La religión dice: «Es evidente que te sientes culpable, sucio y contaminado. Así que lo que necesitas hacer es esto: ¡trabaja para Dios! Da más. Ora más. Sirve más. Haz más».
El evangelio dice: «El problema no es que te sientas culpable. ¡El problema es que eres culpable! ¡Así que lo que necesitas hacer es esto: recibe por fe la obra que Dios ya hizo en Cristo a tu favor!». ¿Sigues paralizado por una conciencia sucia? ¿Acaso esa sensación de mancha moral en tu alma te deja con una sensación de desesperación y desesperanza? Hay solo una solución, solo una cosa que puede limpiarte y hacerte pleno: la sangre de Jesucristo derramada en la cruz por pecadores como tú y yo.
Charles Simeon nació en 1759 y murió en 1836. Recordaba bien su conversión a Cristo. Sucedió mientras leía sobre lo que pasaba el día de la expiación, cuando el sumo sacerdote ponía sus manos sobre el macho cabrío expiatorio, lo que simbolizaba la transferencia de la culpa del pueblo de Israel a la ofrenda del sacrificio. «En ese momento, pensé —dijo Simeón—: “¿Cómo, puedo transferir toda mi culpa a otro? ¿Acaso Dios proveyó una ofrenda por mí, para que pueda poner mis pecados sobre su cabeza?”.
Entonces, si Dios lo permite, ya no los llevaré sobre mi alma ni un momento más. Así, quise poner mis pecados sobre la sagrada cabeza de Jesús».1
Puedes hacer lo mismo hoy y ser limpiado y liberado de una conciencia sucia para siempre.
De eso se trata este libro. Pero no es algo que llega con facilidad. Y no se debe a que haya alguna deficiencia en lo que Dios proveyó para nosotros en Jesucristo. Se debe a que el pecado nos ha programado para el autocastigo. Nuestra respuesta instintiva e inicial al fracaso personal es exigirnos algo que nunca podría quitar la mancha de la culpa. Todas nuestras promesas y buenas intenciones y fórmulas de autoayuda, así como las muchas maneras en que buscamos infligir dolor, ya sea físico o emocional, no le garantizan a nuestra alma lo que tanto necesita. Ni siquiera la multitud de sacrificios que hacemos, junto con toda clase de privación personal y reglas nuevas que nos imponemos pueden expiar nuestros pecados. Sencillamente, para muchos, la gracia es una píldora demasiado grande para tragar.

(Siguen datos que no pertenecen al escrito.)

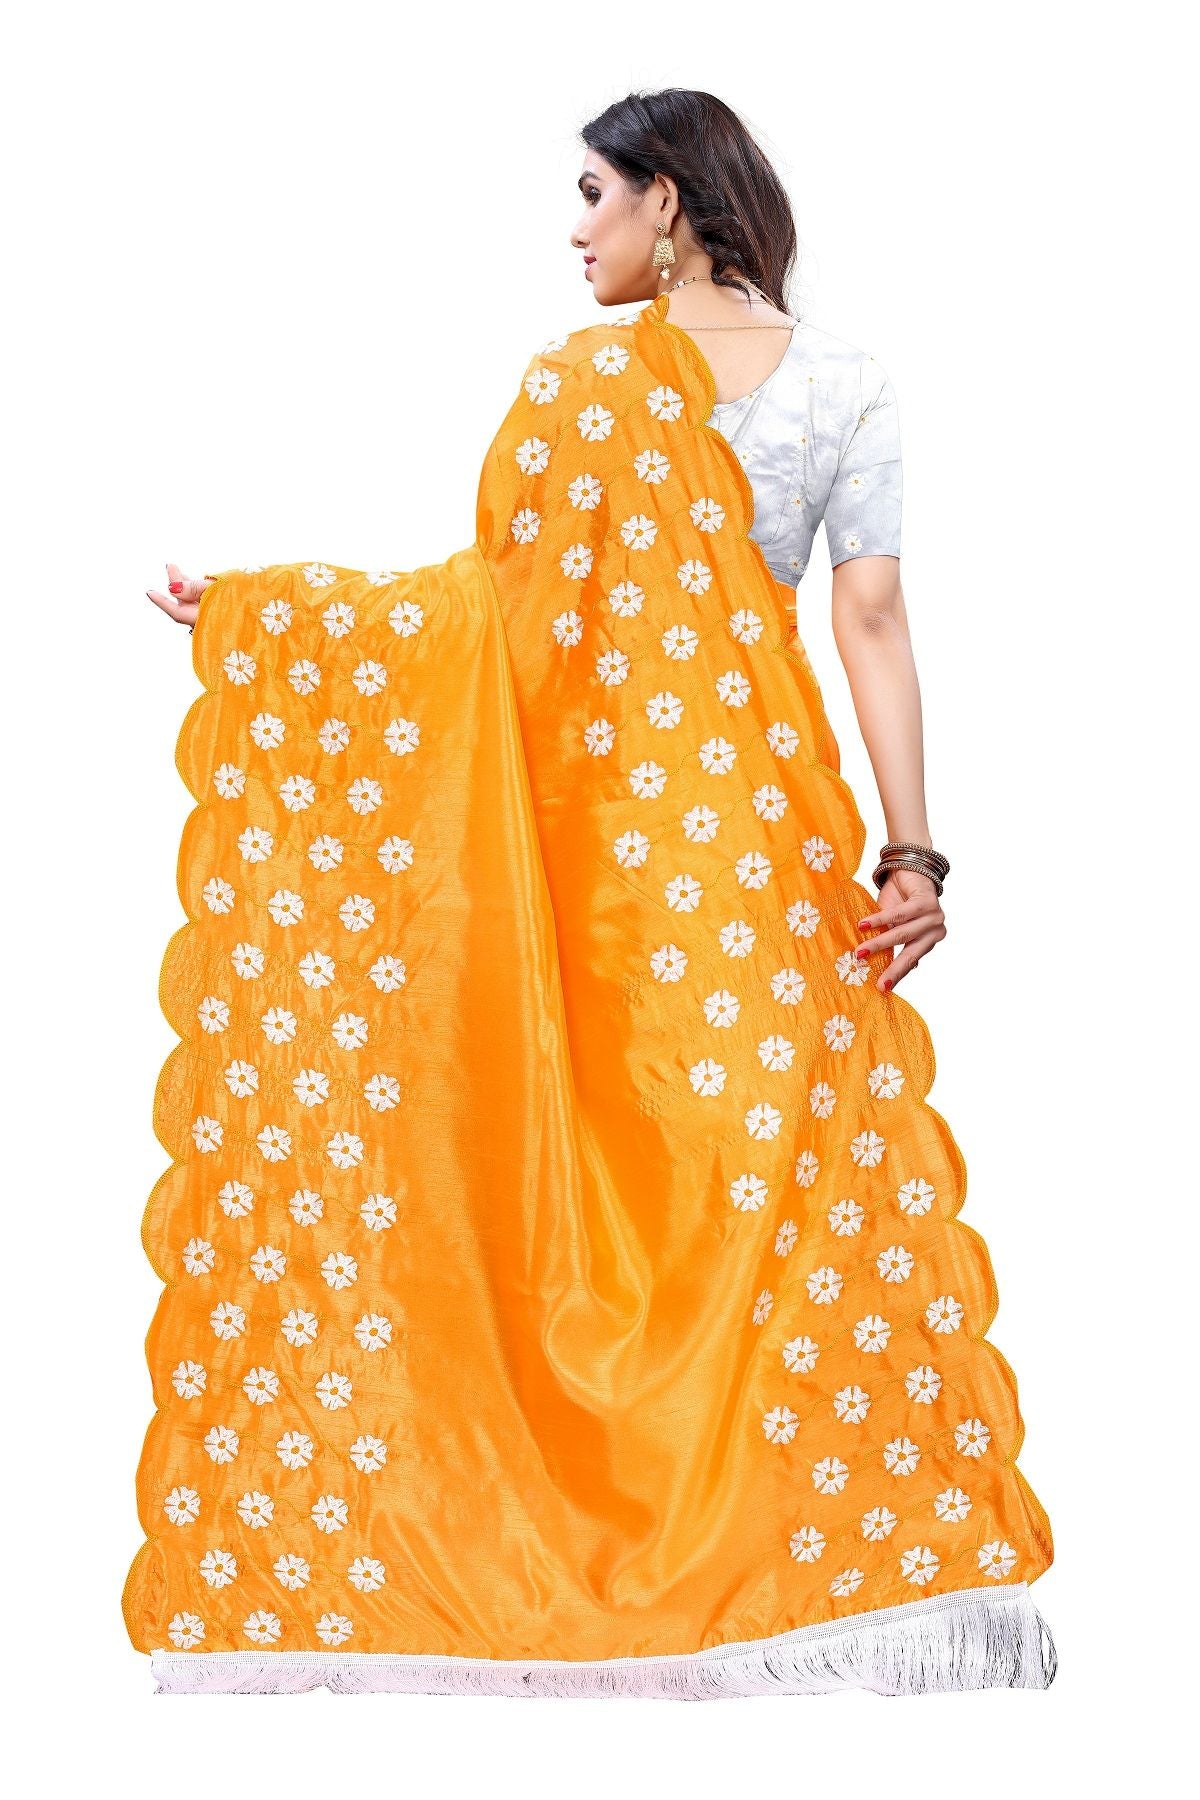 Women's Vamika Zoya Silk Embroidered Yellow Saree-Rakhi Mustard - Vamika

A través de los años, Dios me ha mostrado a varias jovencitas que buscaban aliviar su conciencia contaminada cortándose. En un caso, mientras estaba en mi oficina en la iglesia, tuve que quitarle a la fuerza la navaja de la mano para que no se cortara las venas. En otra, una alumna mía del Wheaton College tuvo que retirarse de la escuela para buscar ayuda seria y hallar libertad de la compulsión de infligirse daño. Hace poco, me regocijé cuando una preciosa jovencita me entregó una caja de cúters, un símbolo para conmemorar ocho años desde la última vez que se había desfigurado la carne en un intento de arreglar las cosas con Dios. No sugiero que yo haya descubierto la motivación subyacente de todos los que luchan con la tentación de dañarse a sí mismos. Es un problema sumamente complejo. Pero te aseguro que, en muchos casos, está la convicción atroz de que la sangre de Jesús en la cruz no fue suficiente para lavar el alma de la persona y librarla de la presencia contaminante del pecado. La mía también es necesaria. O, para otros, parece ser la única manera de silenciar los gritos silenciosos de una conciencia desesperada que anhela ser liberada y perdonada.
Más allá de cuál sea tu mayor lucha con el pecado, nuestra única esperanza es escuchar atentamente lo que la Biblia dice que Dios hizo con nuestro pecado, y someternos a esta verdad por la fe en Jesucristo.